Gadis itu dapat segera kawin dengan Paguhan. Tetapi semua itu telah terlanjur.
Setitik noda telah melekat di tubuh Rara Wulan. Noda yang tidak akan
terhapuskan sepanjang hidupnya.
“Apakah aku
cukup kuat untuk dapat melupakannya?” pertanyaan itu membersit di dalam dada
Arya Teja.
Kedua
laki-laki itu terkejut ketika mereka mendengar perempuan tua yang berdiri di samping
Rara Wulan itu berkata,
“Kenapa kalian
diam saja seperti sedang kehilangan akal?”
Sesaat Paguhan
dan Arya Teja saling berpandangan. Tetapi sorot mata mereka sudah tidak lagi
memancarkan api yang menyala di dalam dada mereka. Namun mereka masih tetap
terbungkam.
“Apakah kalian
tidak dapat berbicara sepatah kata pun?”
Masih tidak
ada jawaban.
“Jika demikian,
maka biarlah aku yang berbicara. Kalau kalian menolak, maka kalian harus segera
menyatakannya.” perempuan itu diam sebentar, lalu,
“Persoalan
kalian telah selesai. Rara Wulan adalah isteri Arya Teja. Anak di dalam
kandungan ini anak Arya Teja.”
Terasa dada
kedua laki-laki itu berguncang. Tetapi mereka tidak tahu apa yang sebaiknya
mereka lakukan. Mereka benar-benar seperti sedang dicengkam oleh sebuah pesona
yang tidak dapat mereka atasi. Mereka masih berdiri diam ternganga-nganga
ketika mereka mendengar perempuan tua itu berkata,
“Semua
persoalan yang pernah terjadi dianggap tidak pernah ada.
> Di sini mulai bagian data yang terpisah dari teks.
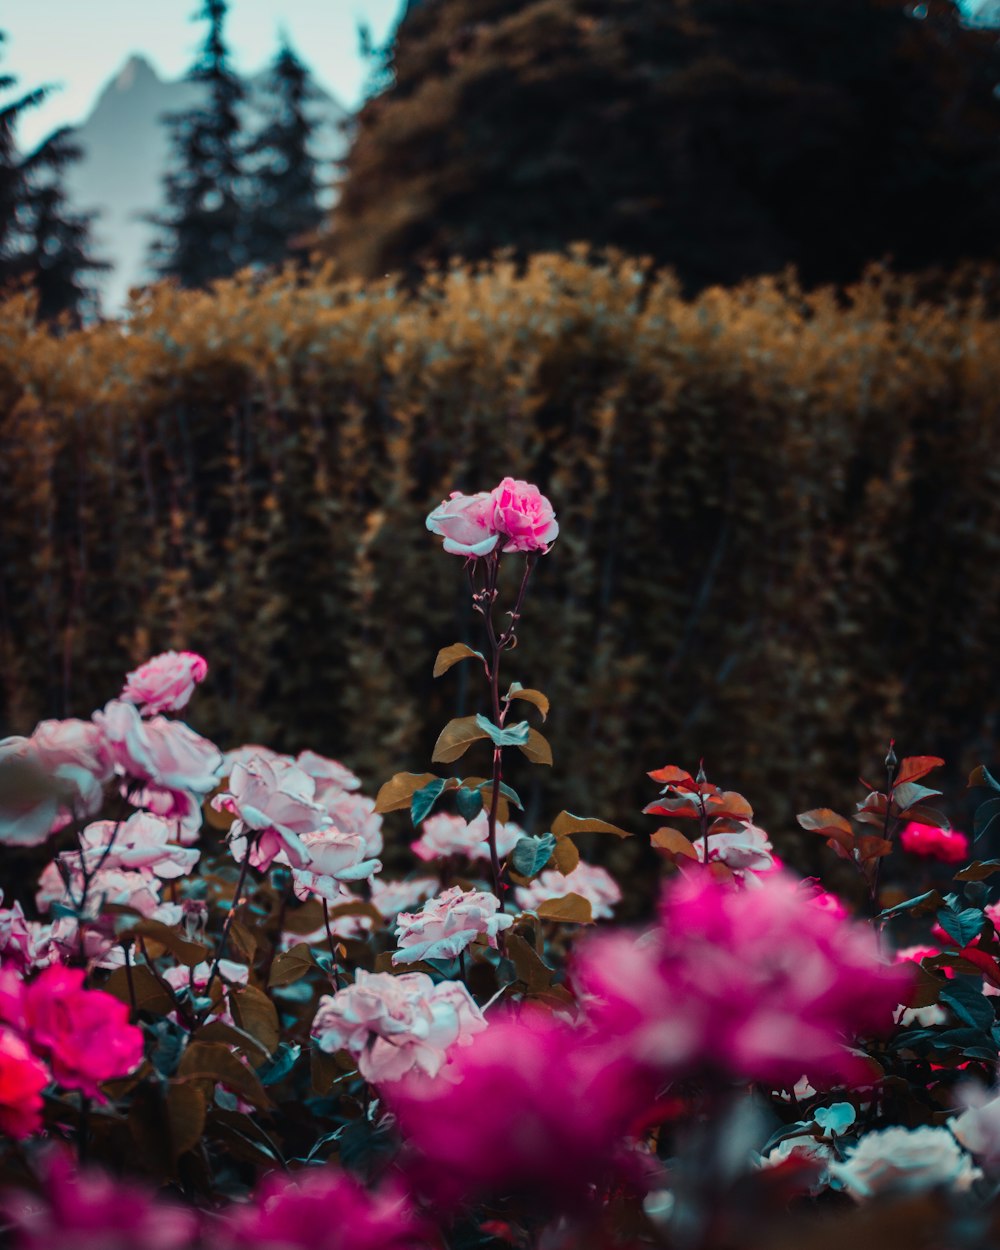 Flores rosas en lente de cambio de inclinación
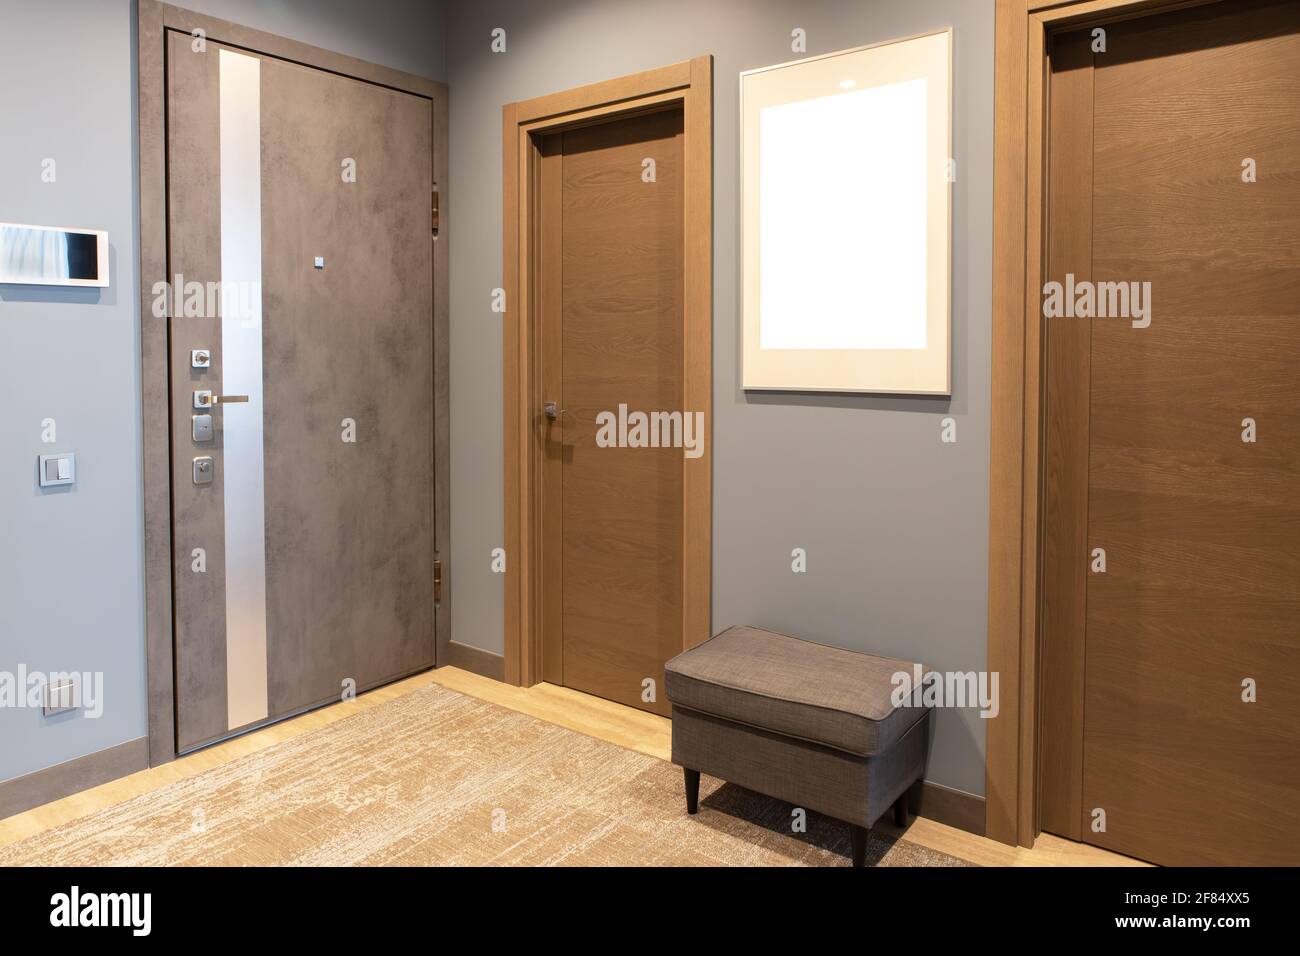 Corridoio d'ingresso moderno in sfumature neutre di marrone e grigio. A parete c'è cornice fotografica con mockup, porta anteriore con interfono. Moda concettuale Foto Stock

Tetapi persoalan yang
akan datang pun tidak boleh ada. Arya Teja harus menerima keputusan ini dengan
jiwa besar, dan Angger Paguhan harus melepaskan semua kepentingan dengan Rara
Wulan dengan jiwa yang besar pula.”
Kedua
laki-laki itu berdiri saja tegak di tempatnya bagaikan patung batu. Diam. Hanya
senjata-senjata mereka sajalah yang kemudian tertunduk lesu. Seperti hati-hati
mereka yang menjadi lesu pula. Mereka seakan-akan tidak lagi mempunyai gairah
apa pun untuk ikut serta menentukan hari
depan mereka sendiri.
Dan kedua
laki-laki itu menggerakkan kepalanya ketika mereka mendengar bibi Arya Teja itu
berkata,
“Nah, Arya
Teja dan Angger Paguhan. Kalian tidak menyanggah sepatah kata pun. Berarti
kalian telah berjanji bahwa kata-kataku itu seakan-akan telah anger ucapkan
berdua sebagai janji di dalam hati. Janji jantan yang tidak akan dapat diganggu
gugat lagi.”
Kedua
laki-laki itu masih membatu.
“Nah, kalau demikian,
maka marilah kita kembali ke dalam persoalan yang wajar.” Perempuan tua itu
berhenti sebentar, lalu,
“Arya Teja.
Kini kau harus menyadari, bahwa isterimu sedang pingsan di sini. Kau tidak
boleh membiarkannya, supaya nyawanya dapat tertolong bersama nyawa yang sedang
dikandungnya.”
Terasa
perasaan Arya Teja tersentak. Sebersit penolakan menyentuh hatinya. Tetapi ia
tidak pernah dapat mengucapkan penolakan itu.
“Kenapa kau
diam saja?” bertanya bibinya.
“Bawalah
isterimu pulang. Tidak ada seorang pun yang tahu akan persoalan kalian.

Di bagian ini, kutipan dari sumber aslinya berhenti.